What to produce: Transcribe the listing that follows in full, exactly, and drop its images.

Recorded information:
· · · ·
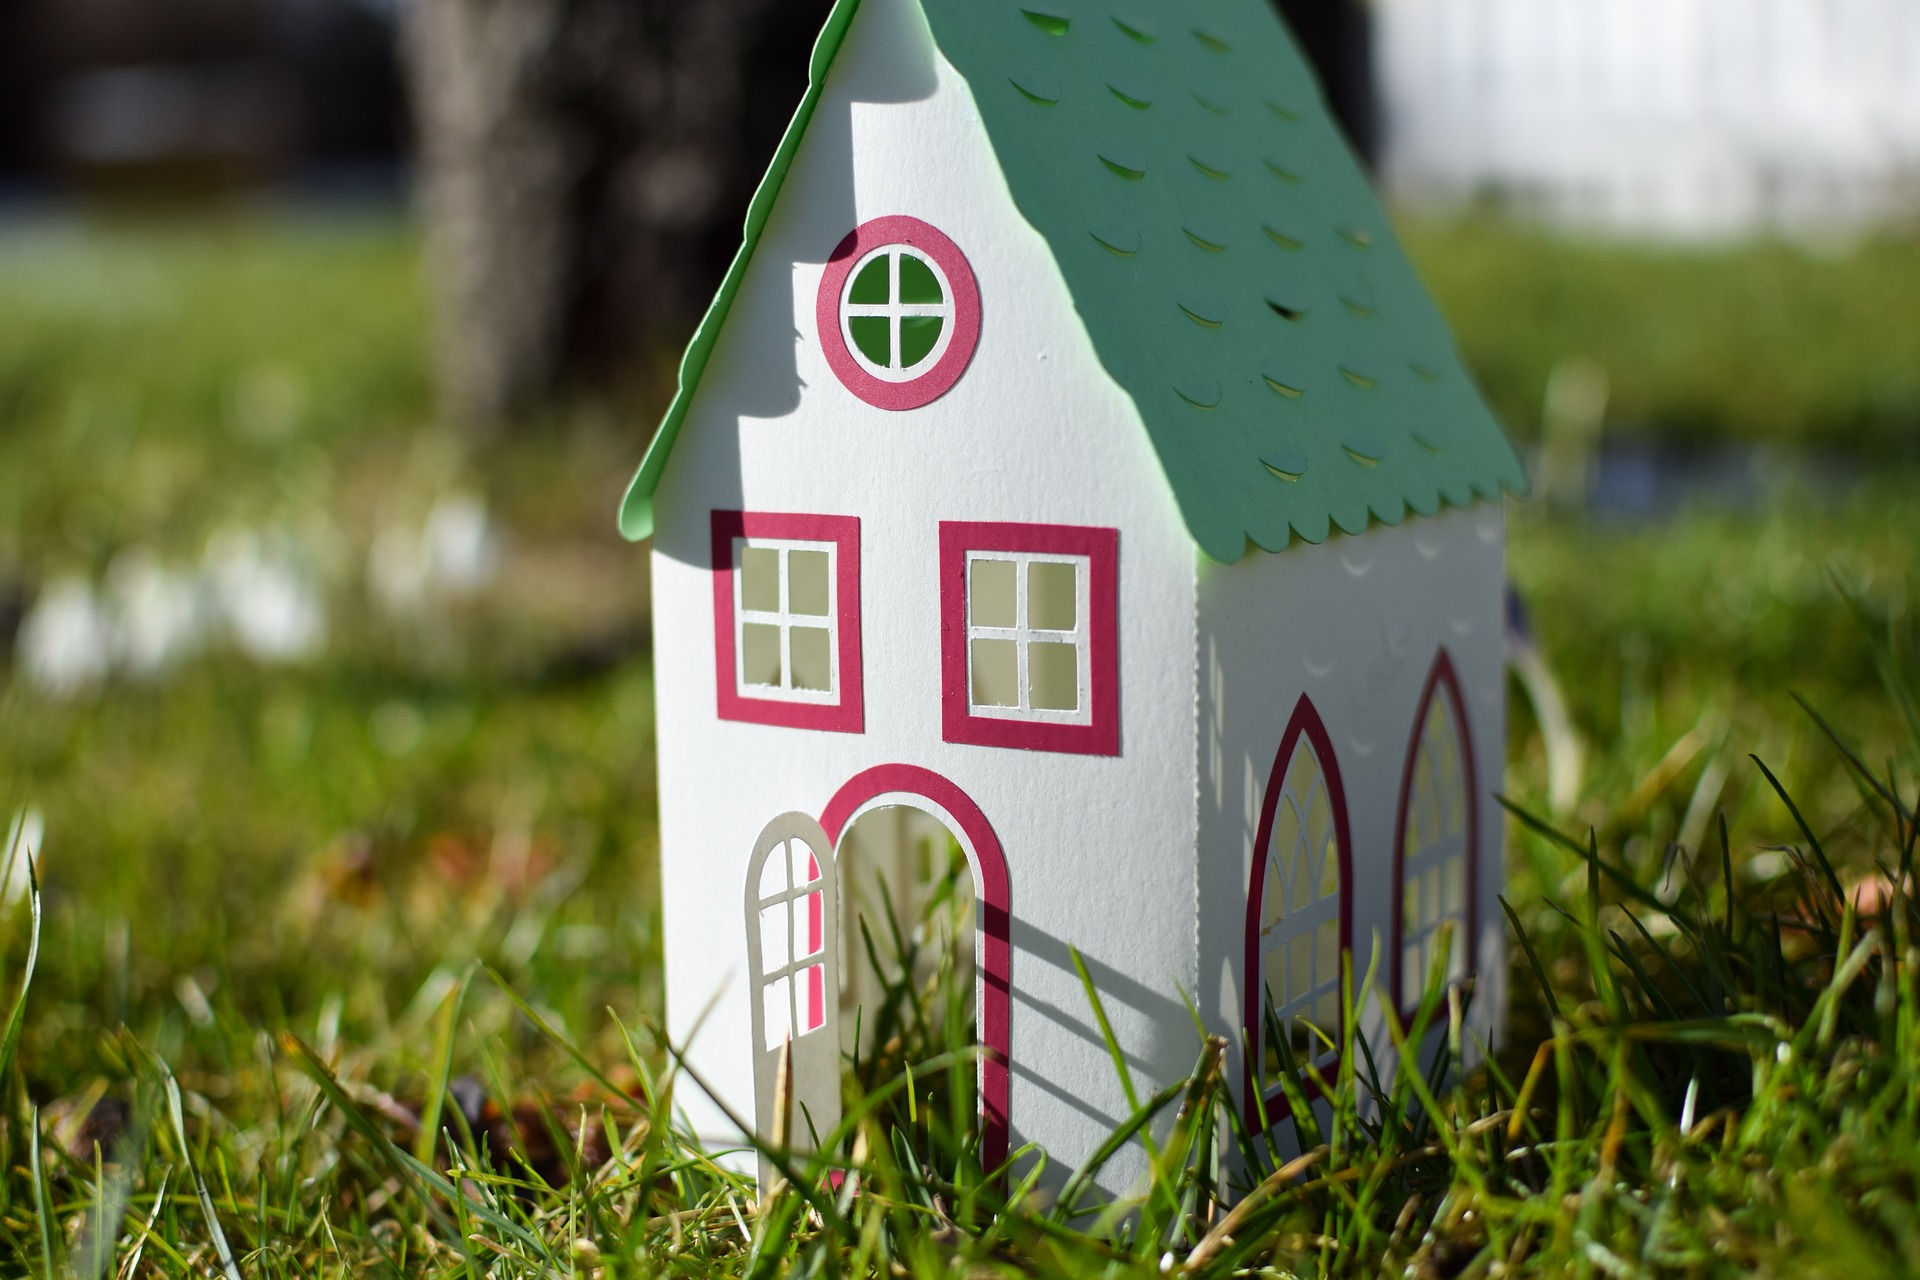 An image of a brightly coloured paper house
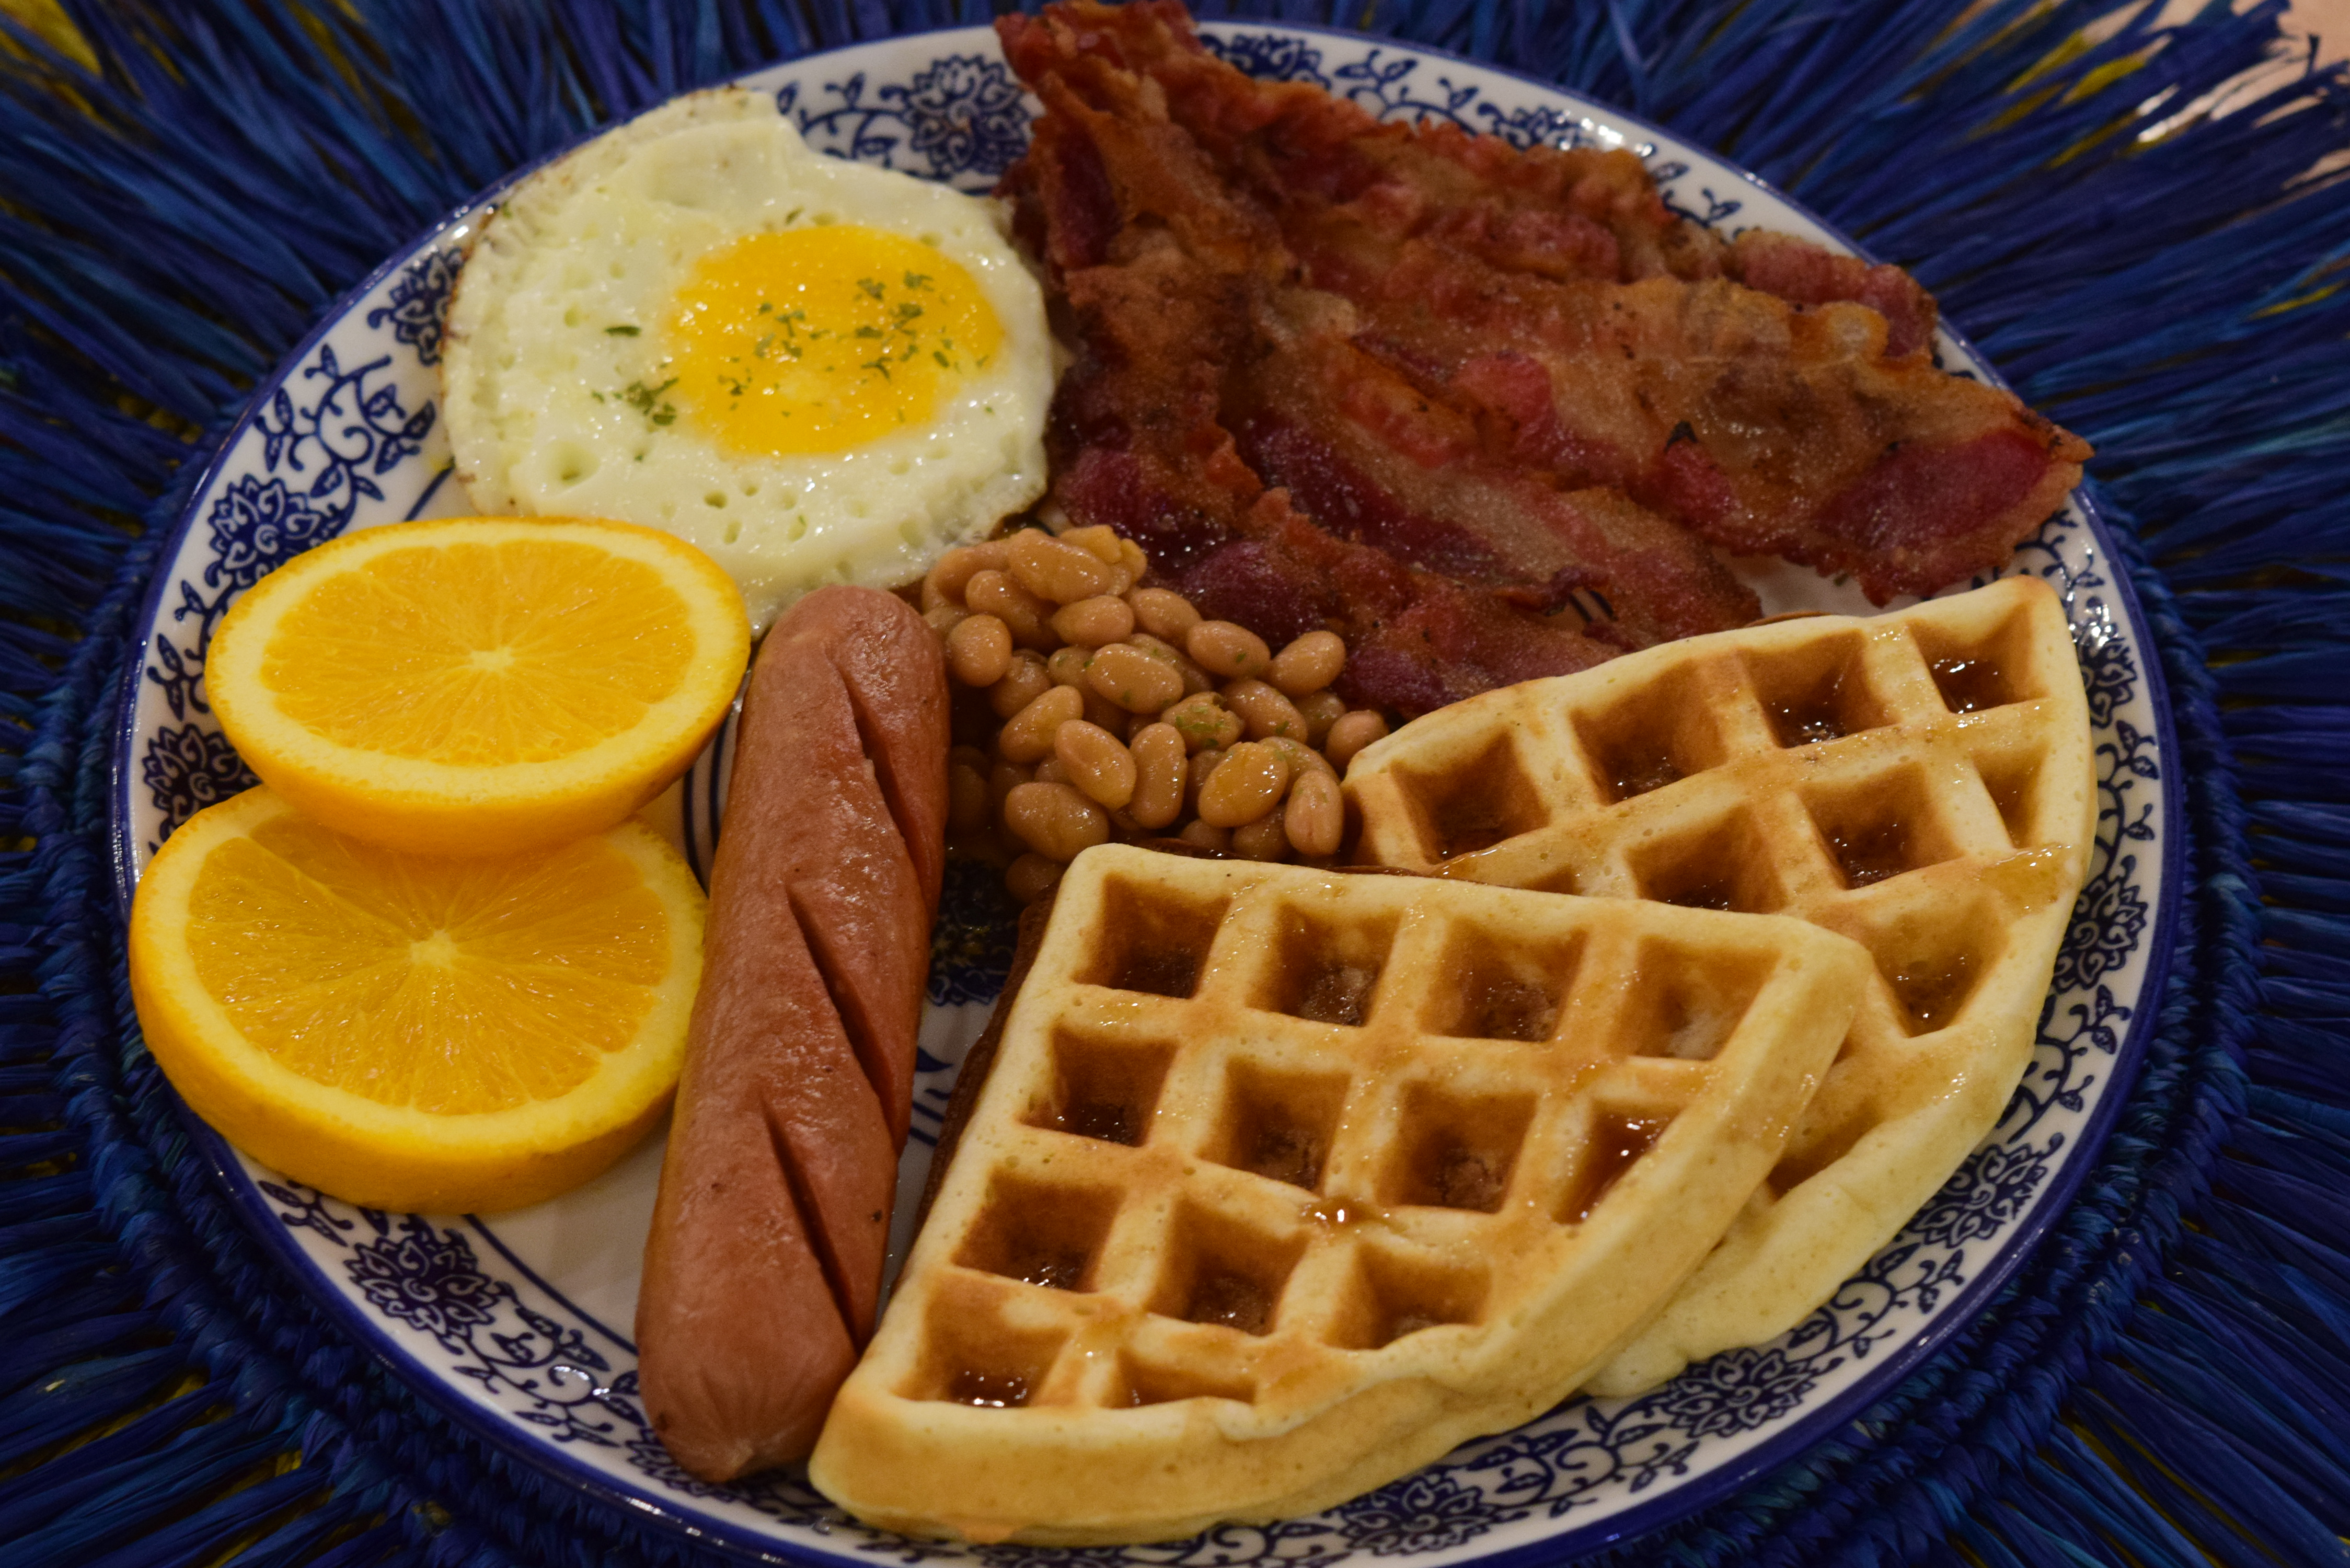 Aside from their healthy menu, they also offer all-day breakfast meals. Their Cooee breakfast meal includes waffles, bacon, sausage, egg and beans. 

Visit Cooee now and find out why it's becoming very popular among the young Cebuanos!
· · · ·
Reply to the task:
 An image of a brightly coloured paper house
 Aside from their healthy menu, they also offer all-day breakfast meals. Their Cooee breakfast meal includes waffles, bacon, sausage, egg and beans. 

Visit Cooee now and find out why it's becoming very popular among the young Cebuanos!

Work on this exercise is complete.